Custom Retry Configuration for Different Scenarios

// Configuration for rate-limited APIs
let rateLimitConfig = WebScrapingRetryHandler.RetryConfiguration(
    maxRetries: 5,
    baseDelay: 2.0,
    maxDelay: 60.0,
    retryableStatusCodes: [429, 503], // Focus on rate limiting and service unavailable
    retryableErrors: [.timedOut, .cannotConnectToHost]
)

// Configuration for unreliable networks
let unreliableNetworkConfig = WebScrapingRetryHandler.RetryConfiguration(
    maxRetries: 10,
    baseDelay: 0.5,
    maxDelay: 30.0,
    retryableStatusCodes: [408, 500, 502, 503, 504],
    retryableErrors: [
        .timedOut,
        .cannotConnectToHost,
        .networkConnectionLost,
        .dnsLookupFailed,
        .notConnectedToInternet
    ]
)

// Usage with custom configuration
let rateLimitHandler = WebScrapingRetryHandler(configuration: rateLimitConfig)
let unreliableNetworkHandler = WebScrapingRetryHandler(configuration: unreliableNetworkConfig)

Monitoring and Logging

Implementing proper monitoring and logging is crucial for understanding retry patterns and optimizing your scraping operations:

class MonitoredRetryHandler: WebScrapingRetryHandler {
    private var retryMetrics: [String: Int] = [:]

    override func performRequest(_ request: URLRequest) async throws -> (Data, HTTPURLResponse) {
        let startTime = Date()
        let url = request.url?.absoluteString ?? "unknown"

        do {
            let result = try await super.performRequest(request)
            let duration = Date().timeIntervalSince(startTime)
            logSuccess(url: url, duration: duration)
            return result
        } catch {
            let duration = Date().timeIntervalSince(startTime)
            logFailure(url: url, error: error, duration: duration)
            throw error
        }
    }

    private func logSuccess(url: String, duration: TimeInterval) {
        print("✅ Successfully scraped \(url) in \(String(format: "%.2f", duration))s")
    }

    private func logFailure(url: String, error: Error, duration: TimeInterval) {
        retryMetrics[url, default: 0] += 1
        print("❌ Failed to scrape \(url) after \(String(format: "%.2f", duration))s: \(error)")
    }

    func printMetrics() {
        print("\n📊 Retry Metrics:")
        for (url, count) in retryMetrics.sorted(by: { $0.value > $1.value }) {
            print("  \(url): \(count) failures")
        }
    }
}

Handling Rate Limiting with Retry-After Headers

Many APIs and websites provide a Retry-After header when rate limiting occurs.
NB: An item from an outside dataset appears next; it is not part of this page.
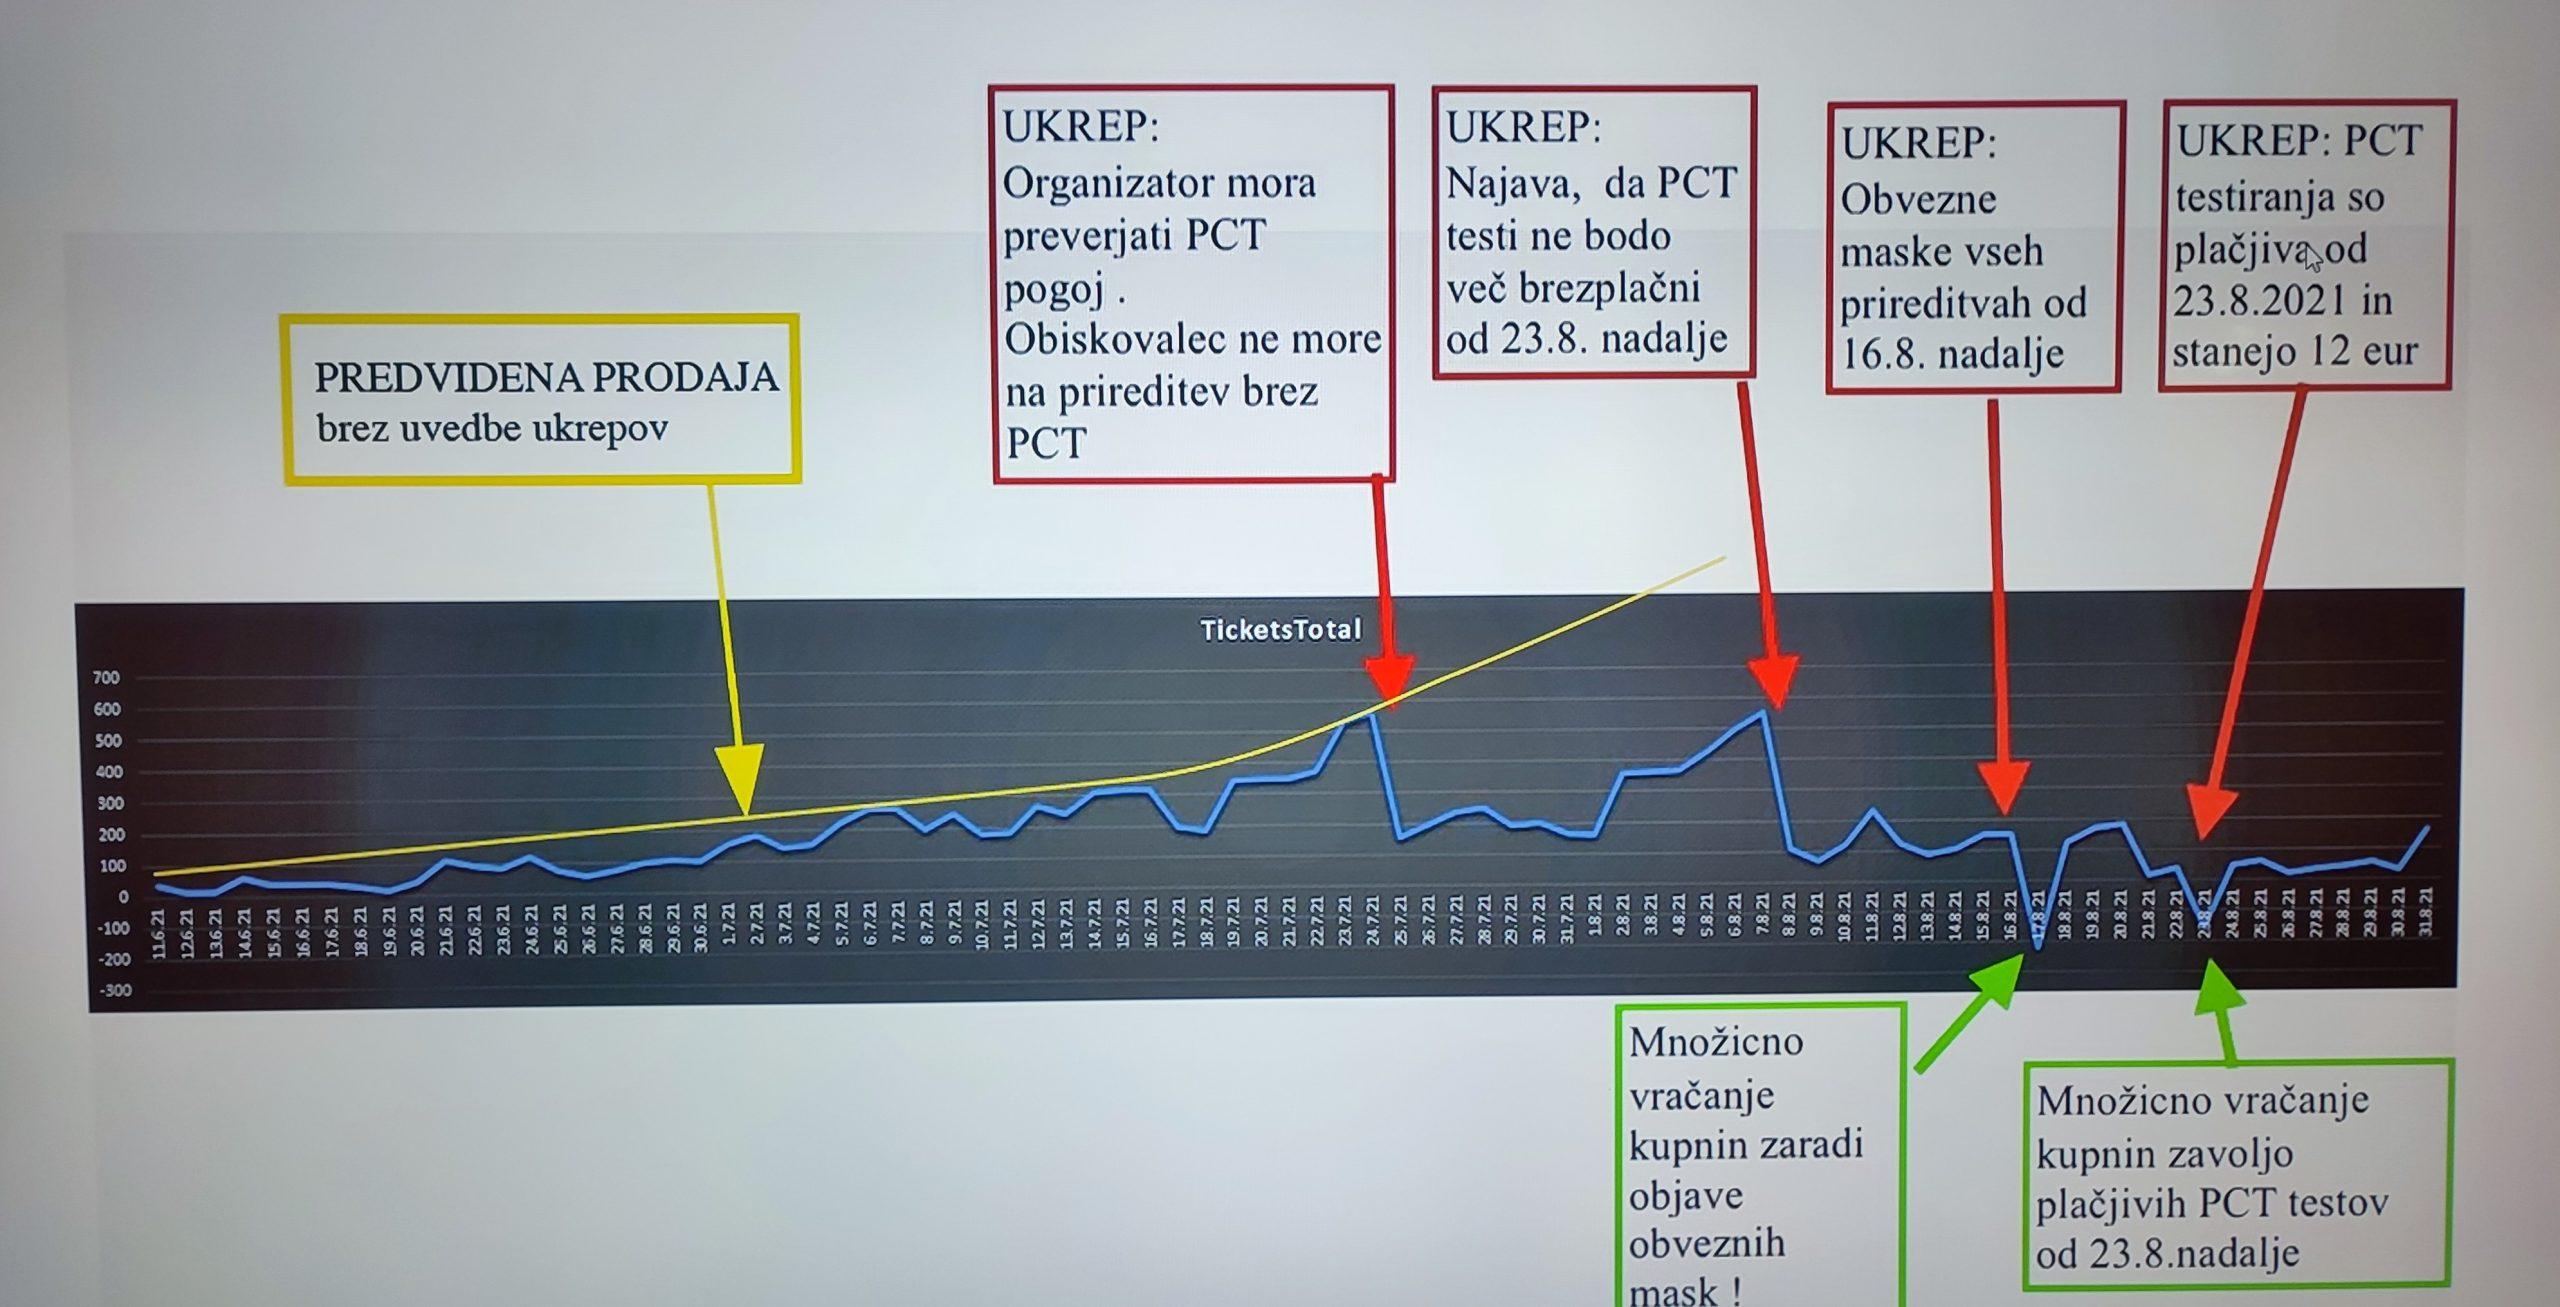 graf, organizatorji dogodkov

Here's how to respect these headers:

extension WebScrapingRetryHandler {
    private func extractRetryAfter(from response: HTTPURLResponse) -> TimeInterval? {
        guard let retryAfterHeader = response.value(forHTTPHeaderField: "Retry-After") else {
            return nil
        }

        // Retry-After can be in seconds (number) or HTTP date format
        if let seconds = TimeInterval(retryAfterHeader) {
            return seconds
        }

        // Try parsing as HTTP date
        let formatter = DateFormatter()
        formatter.dateFormat = "EEE, dd MMM yyyy HH:mm:ss zzz"
        if let date = formatter.date(from: retryAfterHeader) {
            return date.timeIntervalSinceNow
        }

        return nil
    }

    private func calculateDelayWithRetryAfter(attempt: Int, response: HTTPURLResponse?) -> TimeInterval {
        // Check for Retry-After header first
        if let response = response,
           response.statusCode == 429,
           let retryAfter = extractRetryAfter(from: response) {
            return max(retryAfter, 1.0) // Minimum 1 second delay
        }

        // Fall back to exponential backoff
        return calculateDelay(attempt: attempt)
    }
}

Best Practices and Considerations

1. Error Classification

Always distinguish between retriable and non-retriable errors. Don't retry on authentication failures (401), forbidden access (403), or not found errors (404).

2. Respect Rate Limits

When encountering 429 (Too Many Requests) responses, implement exponential backoff and consider reading the Retry-After header if provided.

3. Timeout Configuration

Set appropriate timeouts for your requests to avoid hanging indefinitely:

var request = URLRequest(url: url)
request.timeoutInterval = 30.0 // 30 seconds timeout

4. Circuit Breaker Pattern

For production applications, consider implementing a circuit breaker pattern to temporarily stop making requests to failing services.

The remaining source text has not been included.